Creighton University, Department of Medical Microbiology and Immunology, Omaha, NE 68178.
Bowdoin College, Brunswick, ME 04011-8451.
Microbiol Spectr. 2017 Jul;5(4). doi: 10.1128/microbiolspec.FUNK-0051-2016.
The ability of an organism to replicate and segregate its genome with high fidelity is vital to its survival and for the production of future generations. Errors in either of these steps (replication or segregation) can lead to a change in ploidy or chromosome number. While these drastic genome changes can be detrimental to the organism, resulting in decreased fitness, they can also provide increased fitness during periods of stress. A change in ploidy or chromosome number can fundamentally change how a cell senses and responds to its environment. Here, we discuss current ideas in fungal biology that illuminate how eukaryotic genome size variation can impact the organism at a cellular and evolutionary level. One of the most fascinating observations from the past 2 decades of research is that some fungi have evolved the ability to tolerate large genome size changes and generate vast genomic heterogeneity without undergoing canonical meiosis.

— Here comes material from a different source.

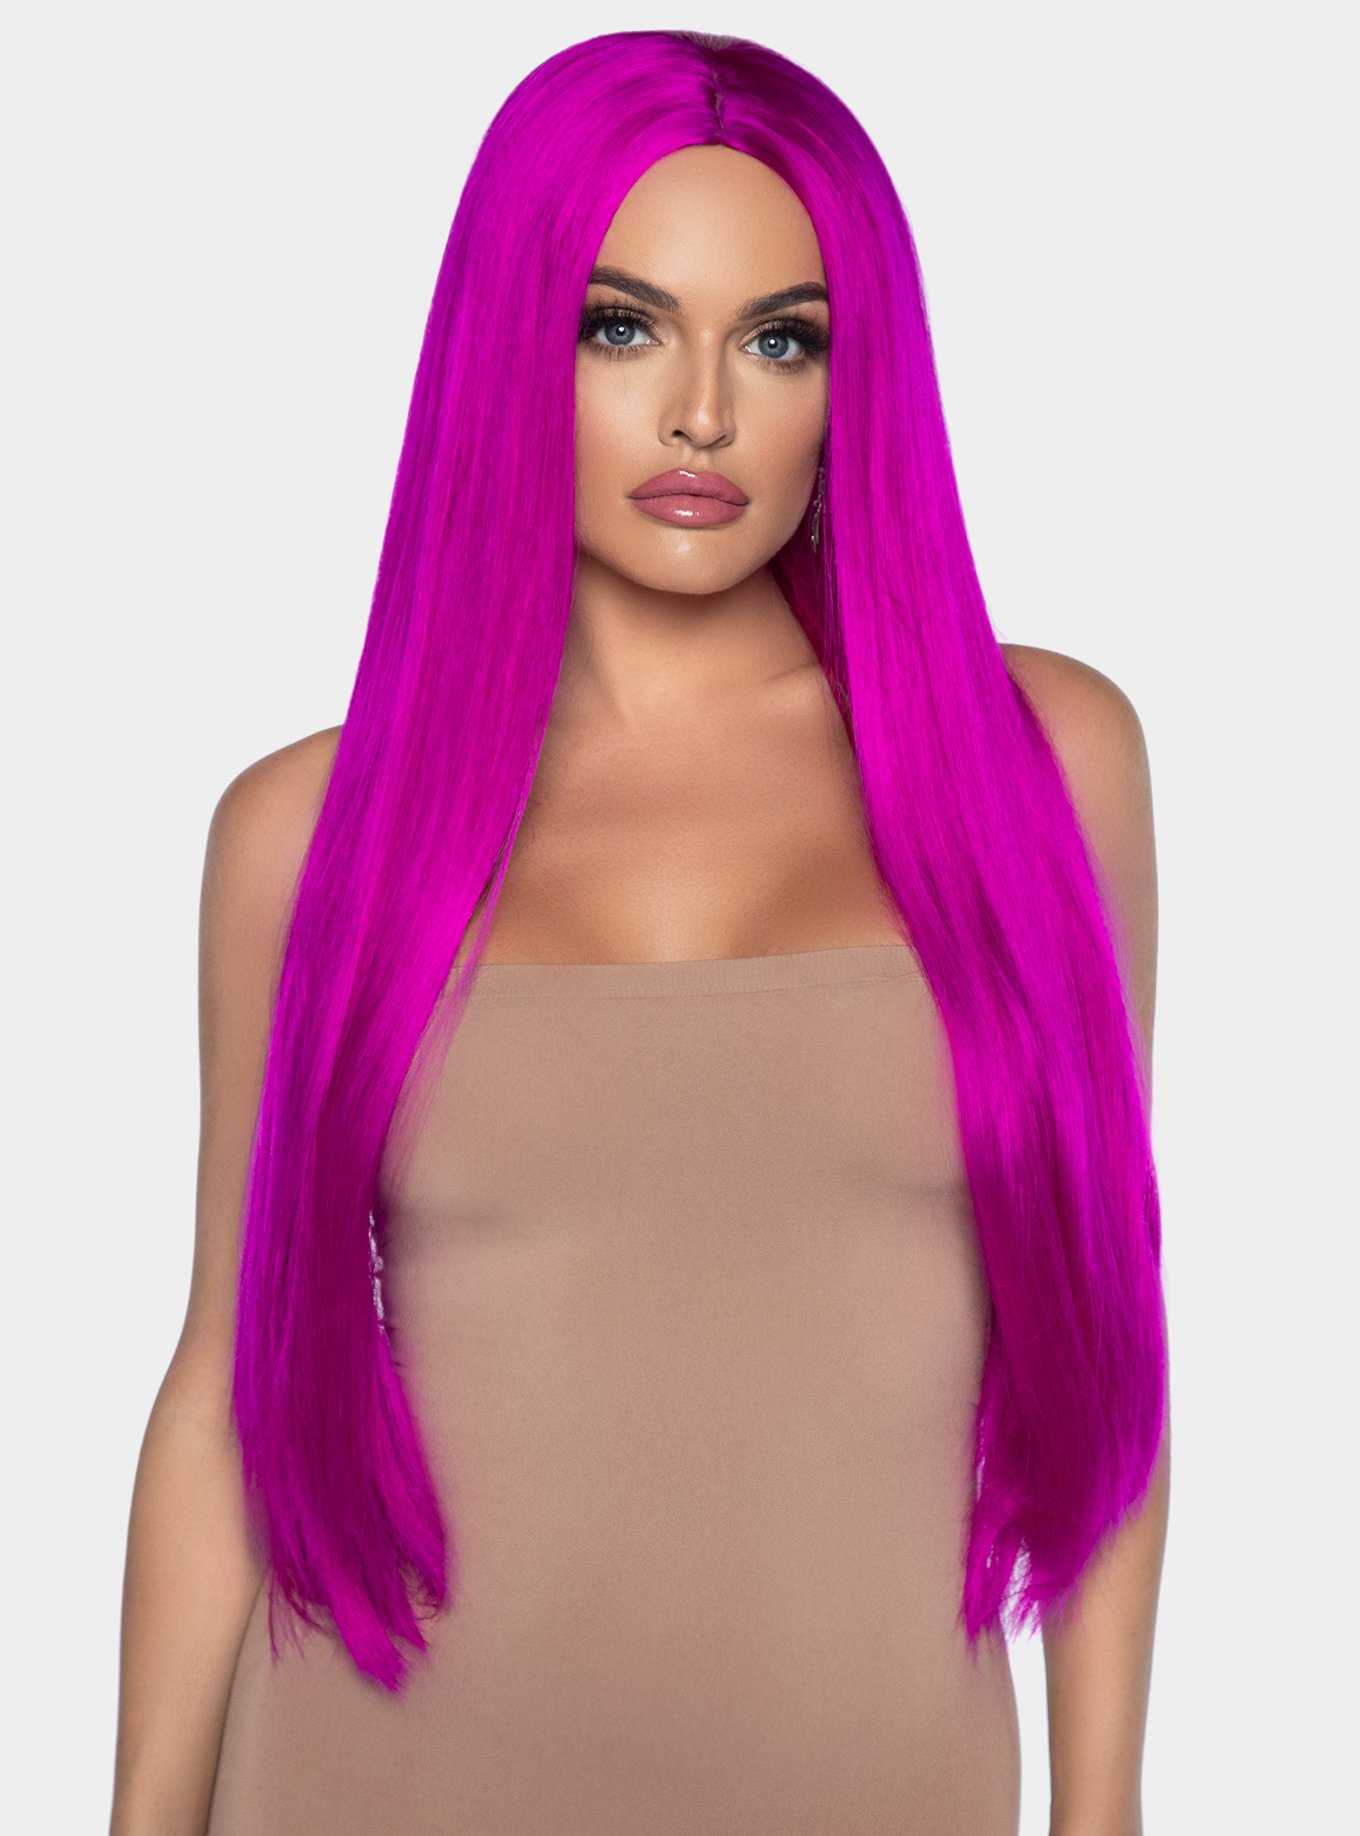 Long Straight Center Part Wig Neon Pink, , hi-res

生物体具有高度保真的复制和分离其基因组的能力,这对其生存和产生后代至关重要。这两个步骤(复制或分离)中的任何一个错误都可能导致倍性或染色体数目的改变。虽然这些剧烈的基因组变化可能对生物体有害,导致适应性降低,但它们也可以在压力时期提供更高的适应性。倍性或染色体数目的改变可以从根本上改变细胞感知和响应环境的方式。在这里,我们讨论了真菌生物学中的现有观点,这些观点阐明了真核生物基因组大小变化如何在细胞和进化水平上影响生物体。过去 20 年研究中最引人注目的观察之一是,一些真菌已经进化出能够耐受大的基因组大小变化并产生巨大基因组异质性而无需经历经典减数分裂的能力。